Lee had shared how his cousin’s death in a car accident left him feeling angry and disoriented. He says there was a lot of uncertainty surrounding the details of his cousin’s death, but he returned to school the morning after his family received the tragic news.

“She was enjoying her 30th birthday with some coworkers.. and we got the call in the middle of the night,” he says. “It was like, it can’t be her because my whole family knows she don’t [sic] like to drive. We just knew it was something more to it. I was dumbfounded. We still don’t have any answers as to what happened that night. The people that were in the car with her, it’s like they went ghost. We know they’re still alive but they’re literally not telling us anything, and it’s been more than five years.”

click to enlarge Silyce Lee (left) and Sirrita Darby (right). - Nerd Swag Visuals/courtesy photo
Nerd Swag Visuals/courtesy photo
Silyce Lee (left) and Sirrita Darby (right).

Lee continued going to school like nothing had happened.
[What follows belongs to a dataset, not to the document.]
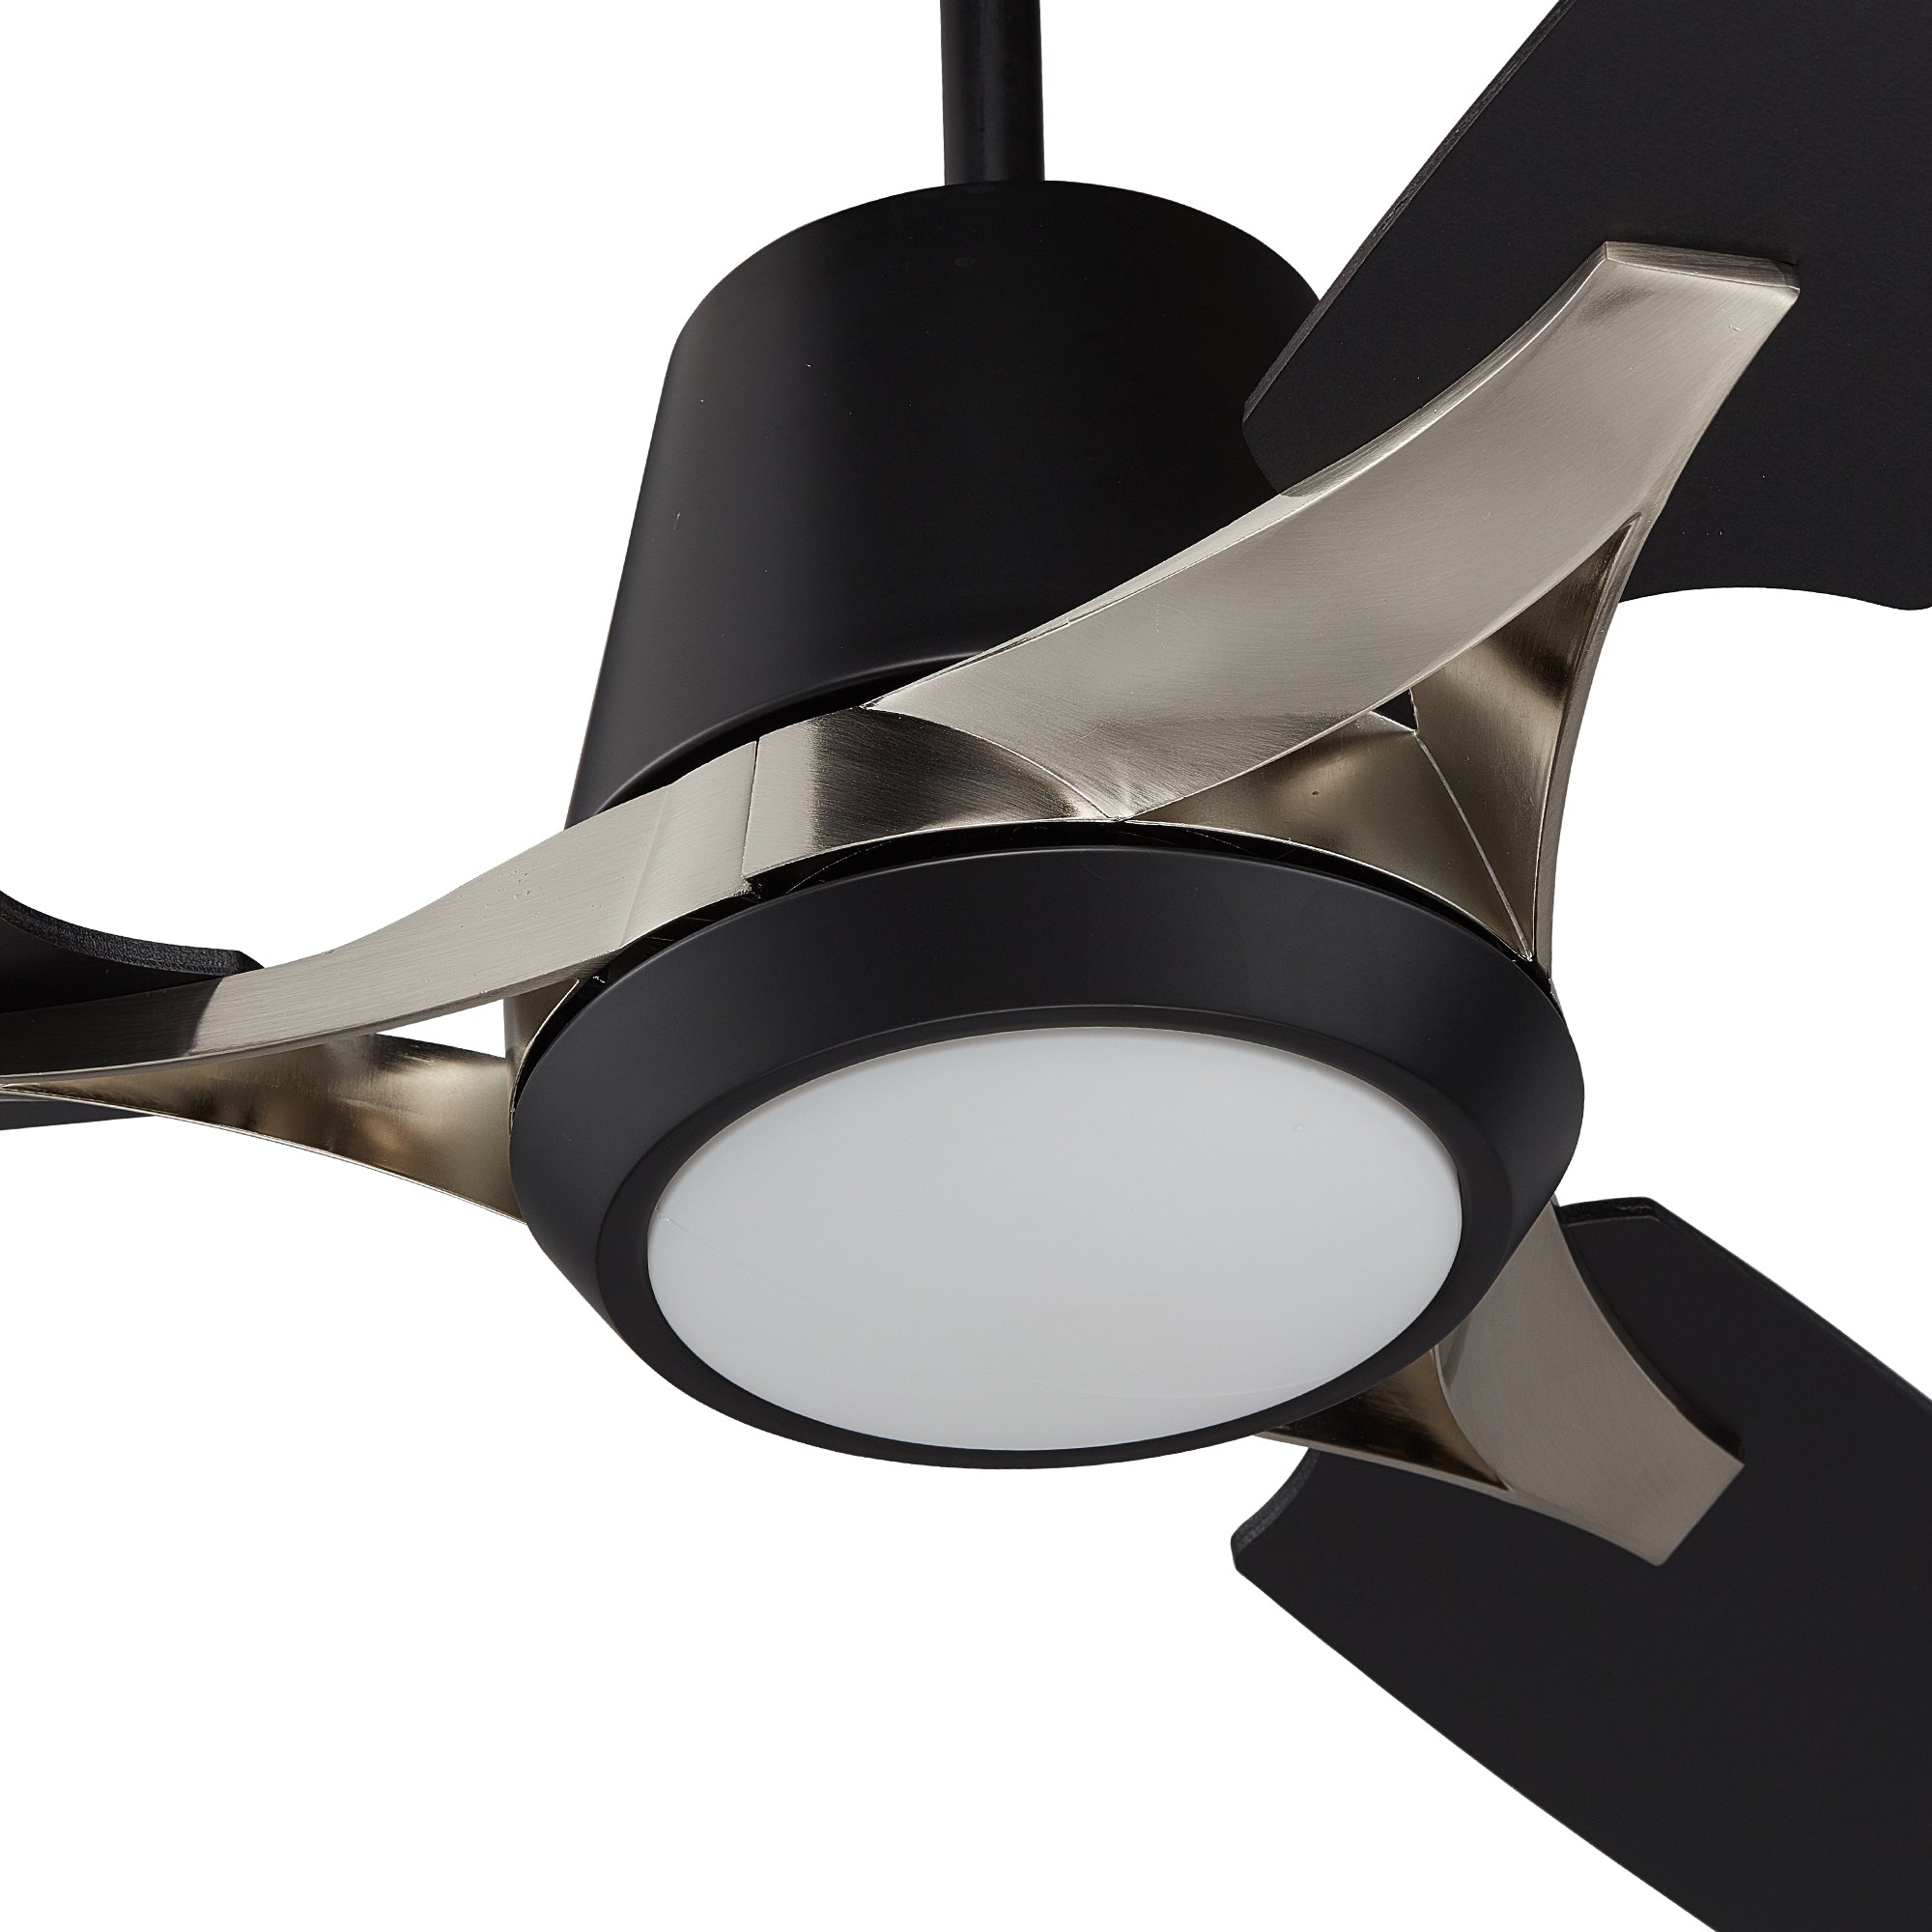 The Smafan Exton 52'' Smart Ceiling Fan keeps your space cool, bright, and stylish. It is a soft modern masterpiece perfect for your large indoor living spaces. This Wifi smart ceiling fan is a simplicity designing with elegant Plywood blades and compatible with LED Light. The fan features wall control, Wi-Fi apps, Siri Shortcut and Voice control technology (compatible with Amazon Alexa and Google Home Assistant to set fan preferences.#color_Black

He would wear headphones to tune everything out until Darby’s class taught him how to acknowledge his emotions.

“I didn't think I could ever move on from it, especially without knowing any answers,” he says. “She got ripped away from us, but I’m here looking on the other side. God does everything for a reason, so that's what I had to keep telling myself.”

Now, Lee wants to help other young Detroiters like Darby helped him. 

“She literally read through her kids’ souls and saw like, these babies is drowning,” he says. “She has gone through almost everything that we are going through. Who else is a better person to help guide us and correct our path to success? I just know I can heal someone else from my trauma, my experience, and the route I took to heal from it. I know young people might hear this all the time, but you’re definitely not alone.”

For Donald, the healing circle was the first time she felt free to express herself through writing. She wants young people to know that someone will always be at the Healing Hub to help, whether they need someone to talk to or a safe place to sleep.

“I had to come to terms with the fact that my experience was affecting me and that it was traumatic, and being in that safe space allowed me to do that,” she says. “I’ve seen a lot of runaway kids or people who don’t have the support that other people would have, so we are here to be providers for our community. Just reach out, because we’re here.”

Donald, Lee, and the rest of the team are planning to host a community baby shower for young mothers, free Sunday dinners, summer camp, and a Black joy abolitionist picnic at the Healing Hub this summer.